EDHOC message_4 is now mandatory for the sake of mutual
authentication.
- EL (p4): Key schedule unmodified.
- EL (p5): Measurements, comparing with PSK1 variant (discarded in the
interim)
- EL (p6): Handhsake duration, energy consumption, memory usage. PSK2
slightly faster, uses a bit more memory.
- EL (p7): Charts showing energy and duration.
- EL (p8): Asking for WG adoption; integration in the Lakers Rust
implementation.
- MV: Who read the draft?
- (3 in room, 1 remote)
Presented slides
- (MT presenting.)
- MT (p2): Why do we do that?

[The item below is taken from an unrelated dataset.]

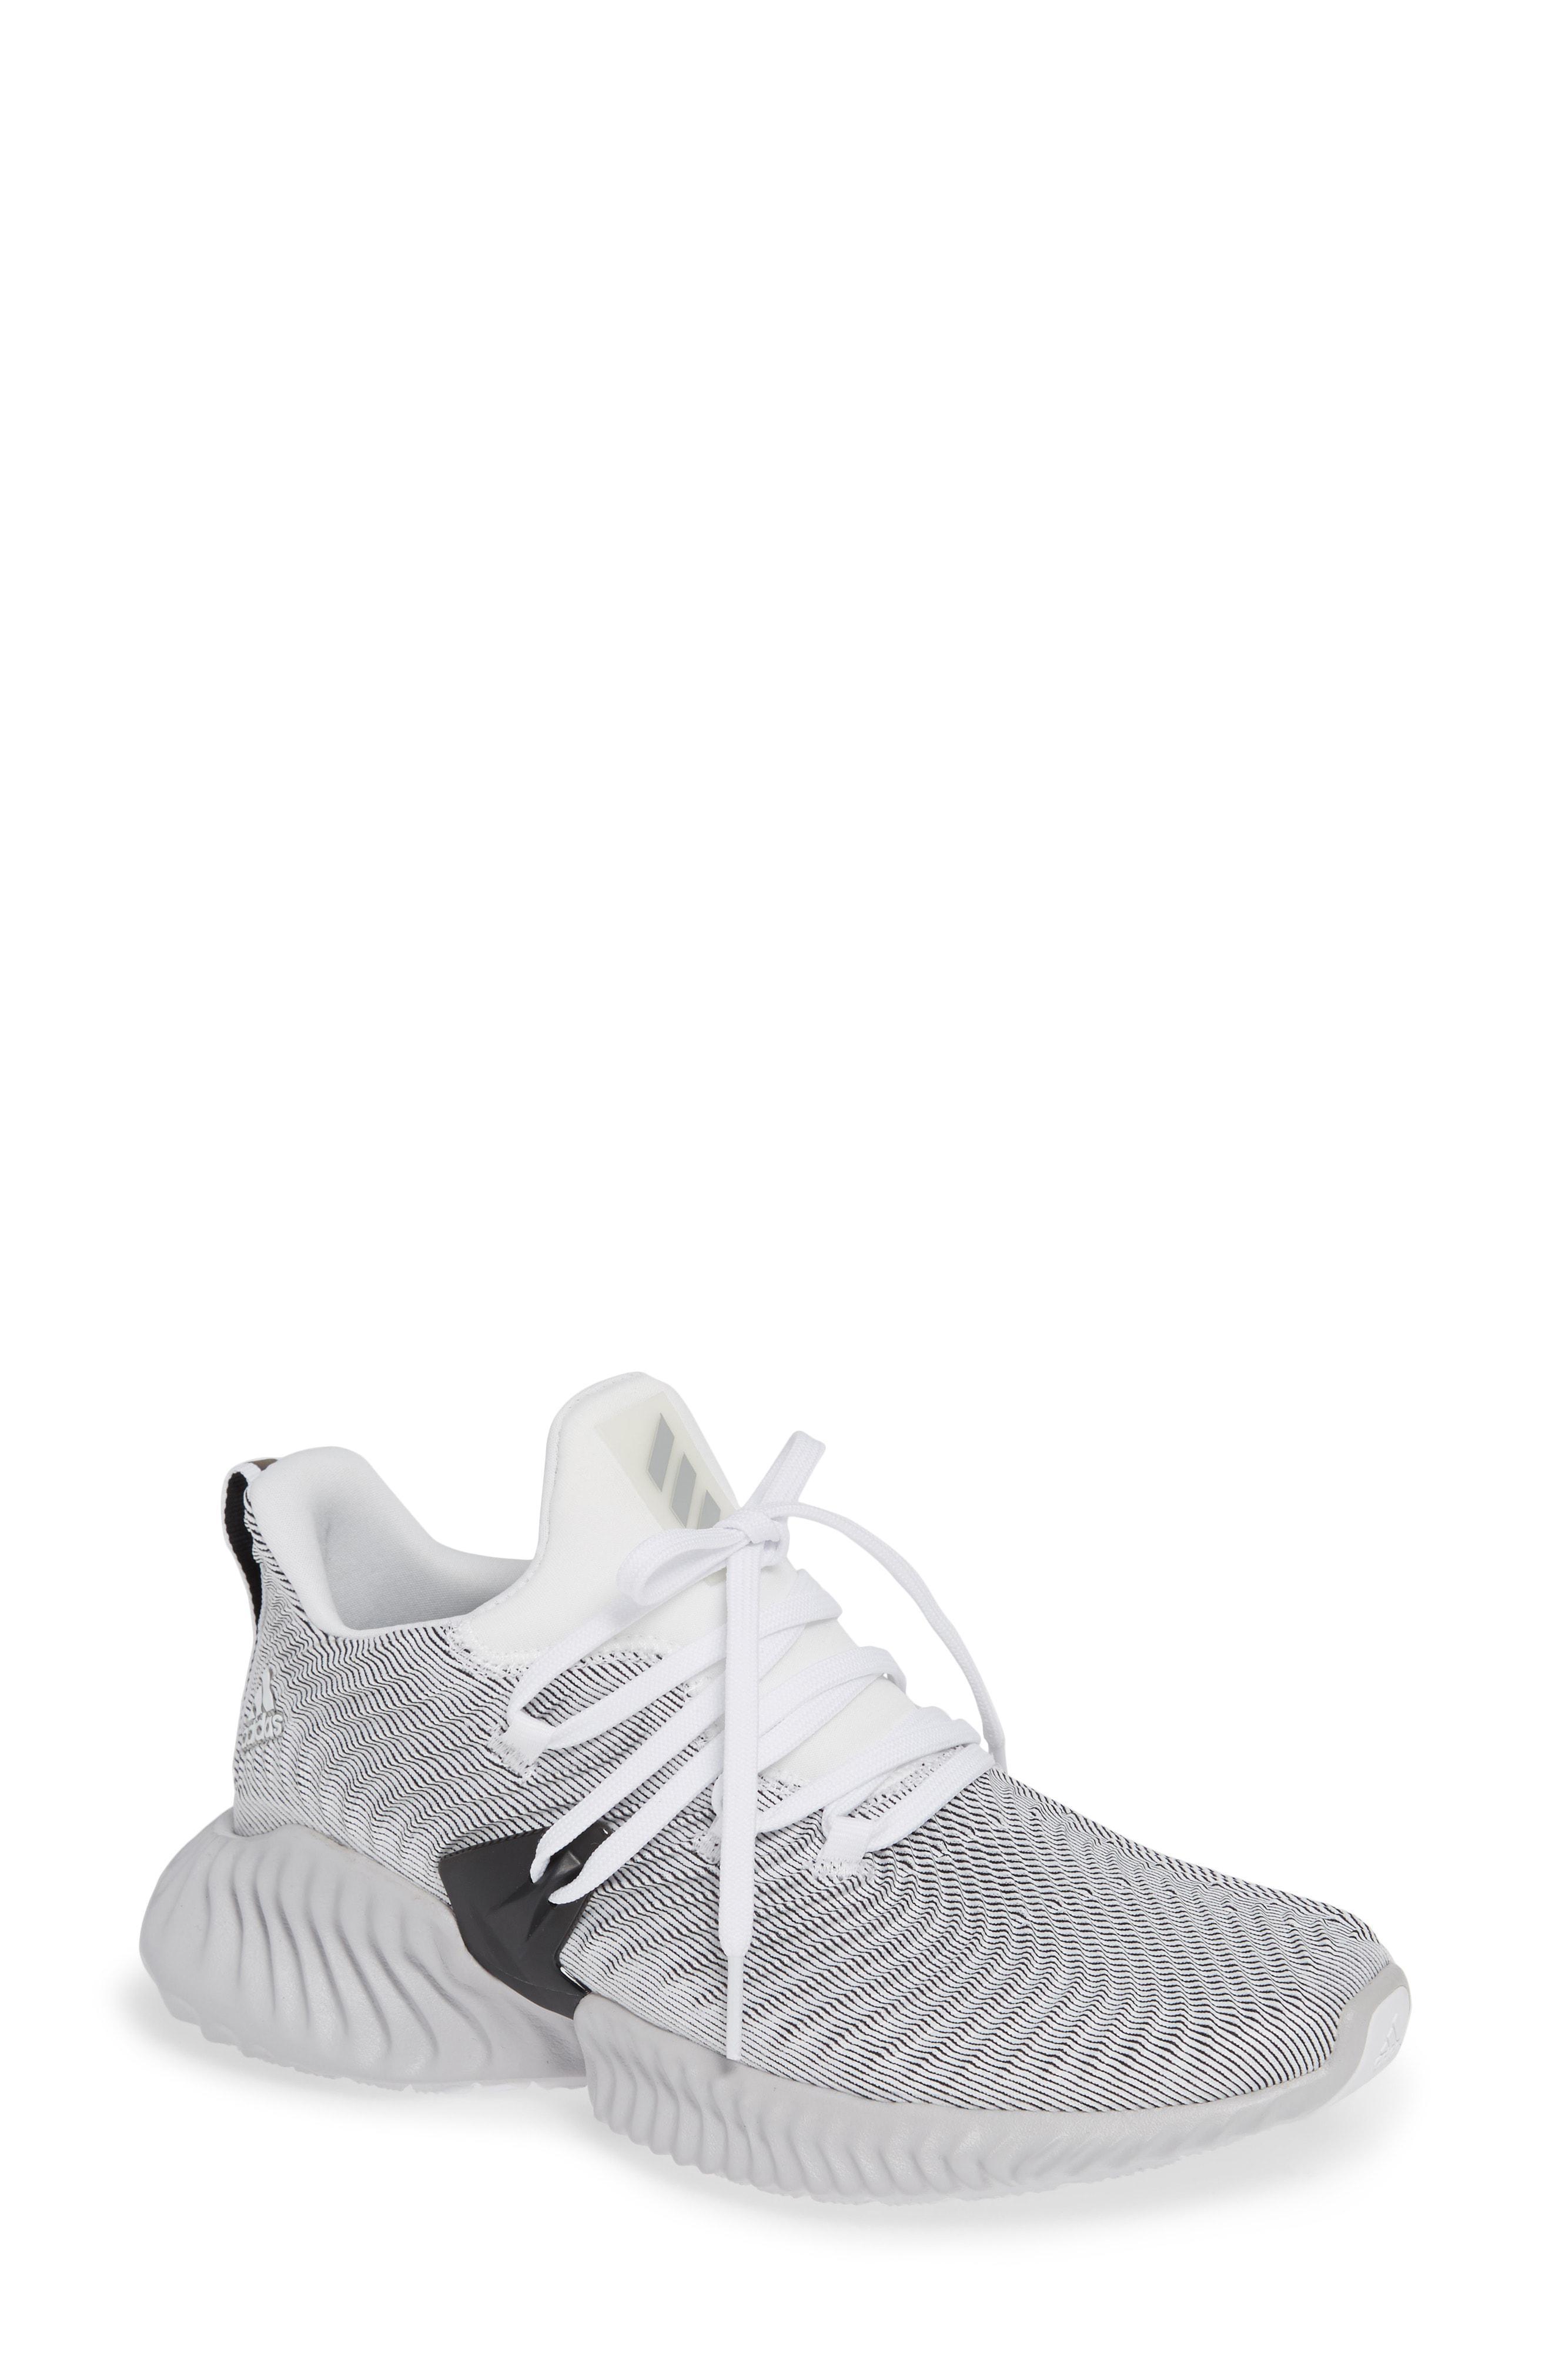 detailed look 425a9 91da6 adidas. Womens White Alphabounce Instinct Sneaker

Some things negotiable during EDHOC,
some have to be known in advance, therefore the EDHOC application
profiles. Like before, started in EDHOC, was split out for delayed
work, and is now in agenda.
- MT (p3): Reorganization. Now identifying profiles by registered
integers. Parameters are concepts from EDHOC that are detailed here
(?), with CBOR representation.
- MT (p4): More details on the profile format. Venues for sending
data: Web link, or EDHOC information object (CBOR map). To prevent
explosion of registrations, admitting overrides in specific field
(EAD items).
- MT (p5): About additional parameters for profiles.

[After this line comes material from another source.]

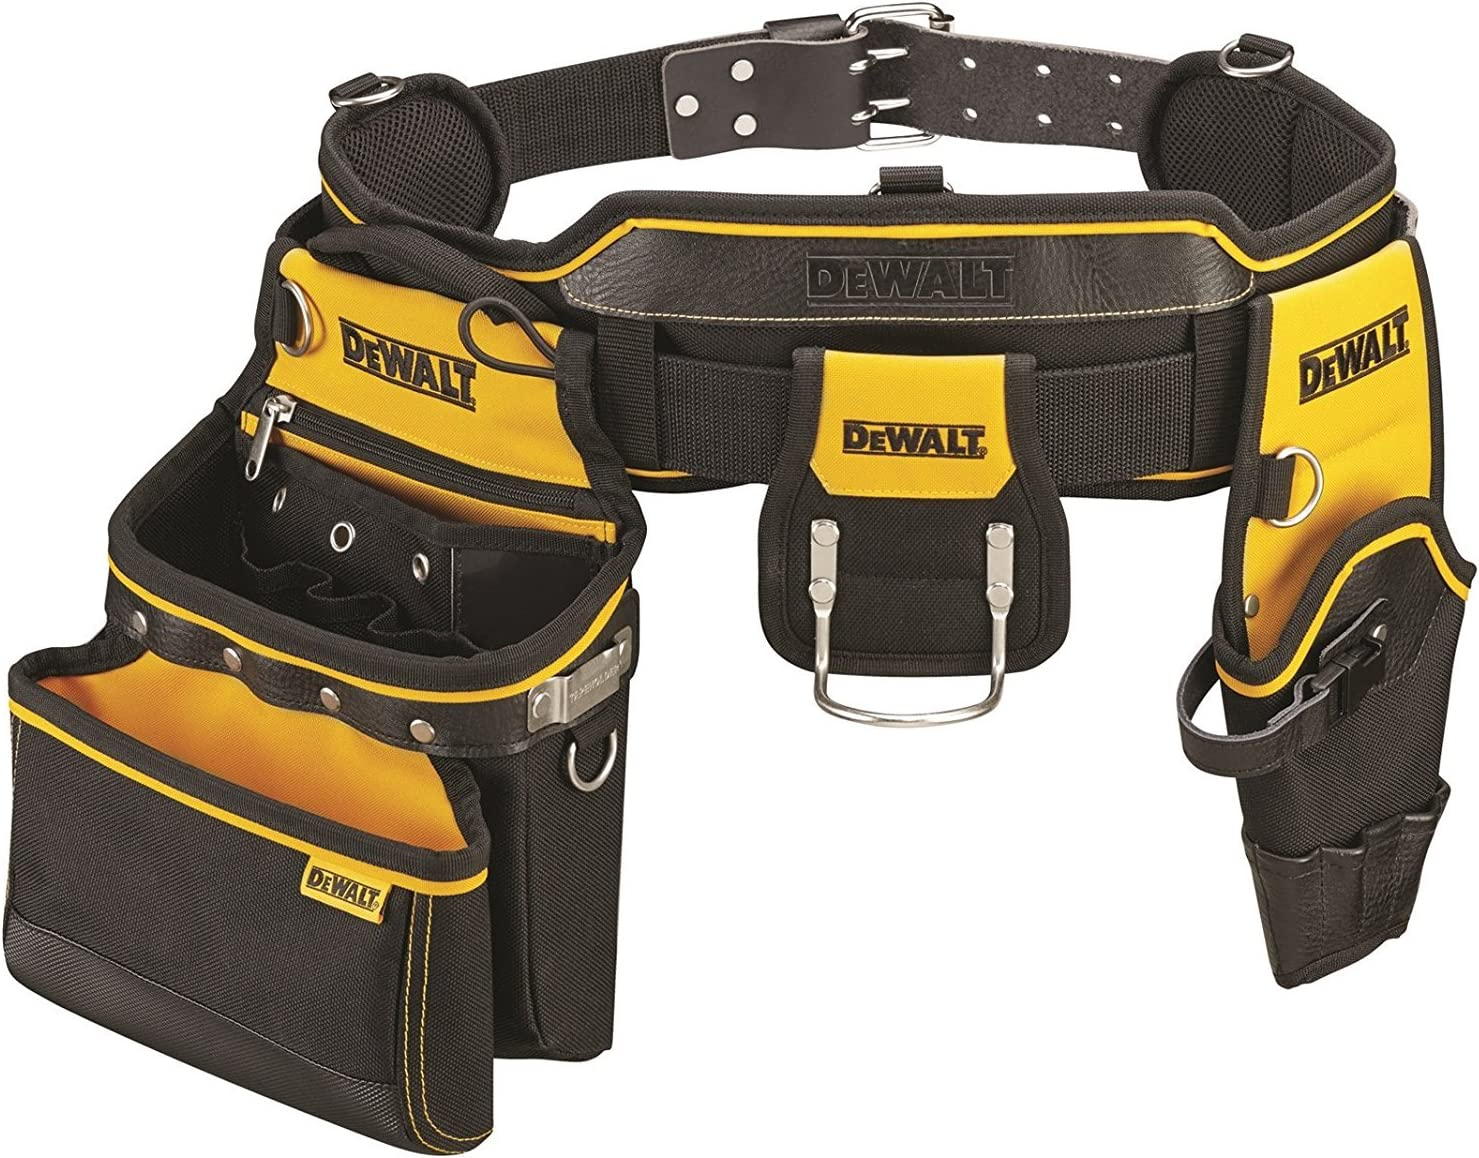 Dewalt DWST1-75552 Delantal porta-herramientas

- MT (p6): Updates on CBOR canonical representation of profile. Some
parameters required, some make no sense.
- MT (p7): Suggested initial set of well-known profiles (expressed in
CBOR objects and filed into registry); totally arbitrary, let's
discuss. By no means de facto default
- MT (p8): Next steps. It's mostly about defining one more venue to
exchange information on supported EDHOC application profiles and
capabilities of EDHOC peer, that venue being the first two EDHOC
messages with EAD items. So that's still to be done, but we got
support and asked to accelerate at the Hackathon. Unless the WG
really wants to see that in the draft first, then this can also be
ready to consider for WG adoption.
- CA: EAD items are very important for choosing when to send
credentials by value or reference. I don't care if that thing still
to add is already in the draft or not.
- MV: Who read draft?
- (2 in room, 1 non-author on chat)
Presented slides:
adoption calls
- (Discussion on what to prioritize.)
- grease is short and simple.
- psk will have to be frozen for 6 months for formal analysis, and
people working on it would like to see it adopted.

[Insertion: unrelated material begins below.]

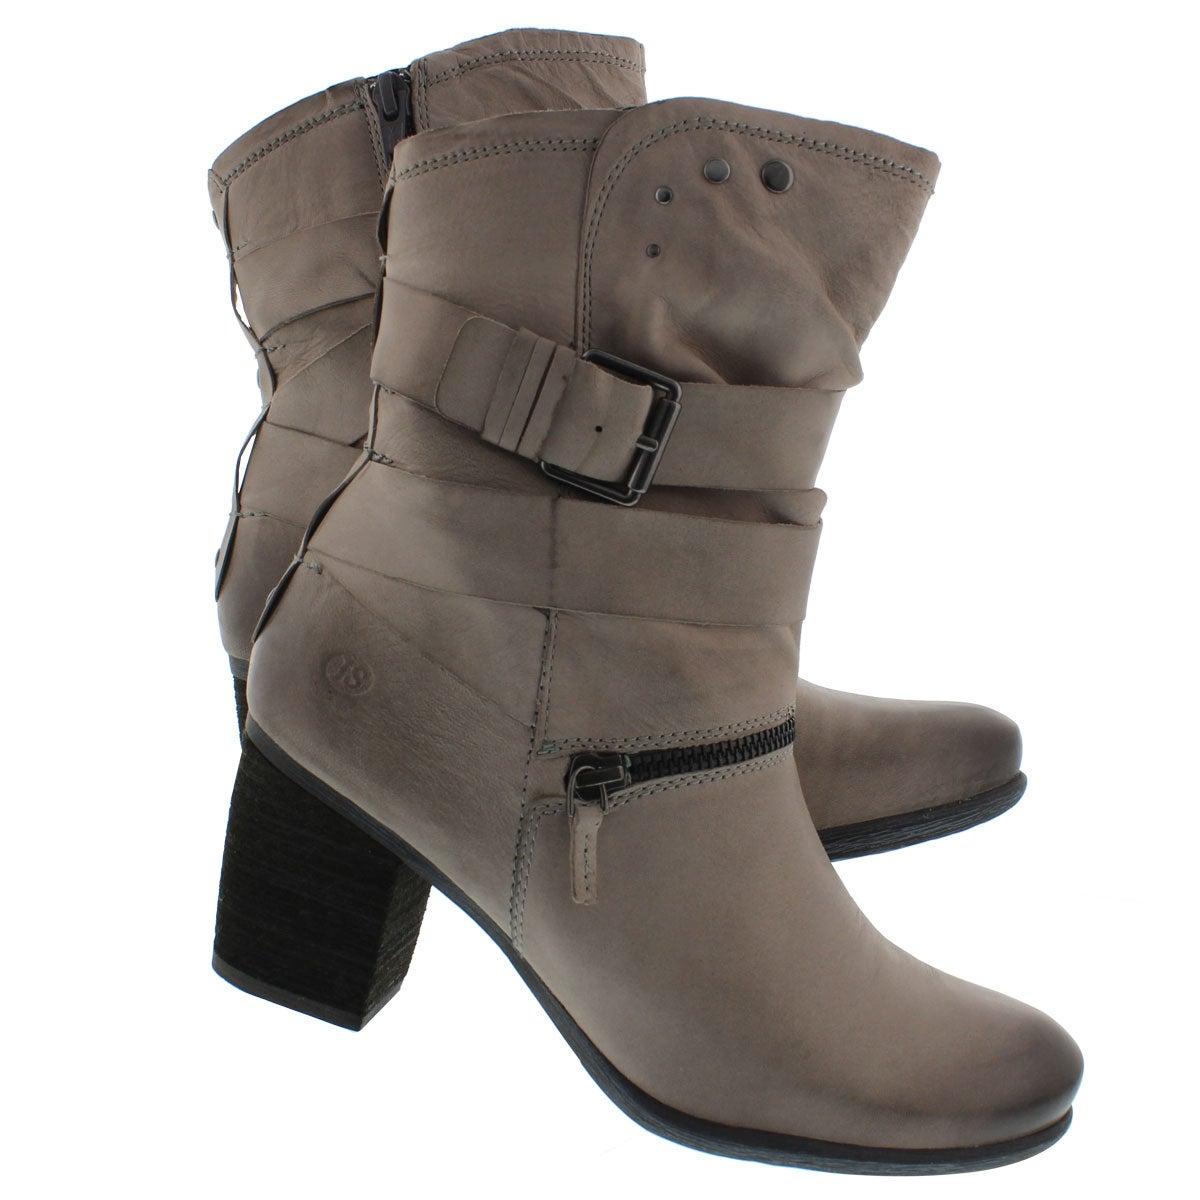 Lds Britney 06 grey lthr mid-calf boot

- Documents like -app-profiles are those that enable other things to
move forward (CB and CA). Given the number of readers, the version
number doesn't really play a role here.
- SF: Looks like a rough order is -grease, -app-profiles, -psk, -ra,
for 2 weeks each. Their calls don't have to run strictly
sequentially, but running in parallel risks to have few/nobody
reading anything. We should still manage to close all the calls by
the end of the year.
- JPM (on chat): LAKE only have 2 adopted drafts, so I think the group
could adopt everything people think is ready. Don't need to
prioritize.
AOB
- MV: We will schedule an interim meeting in January 2025.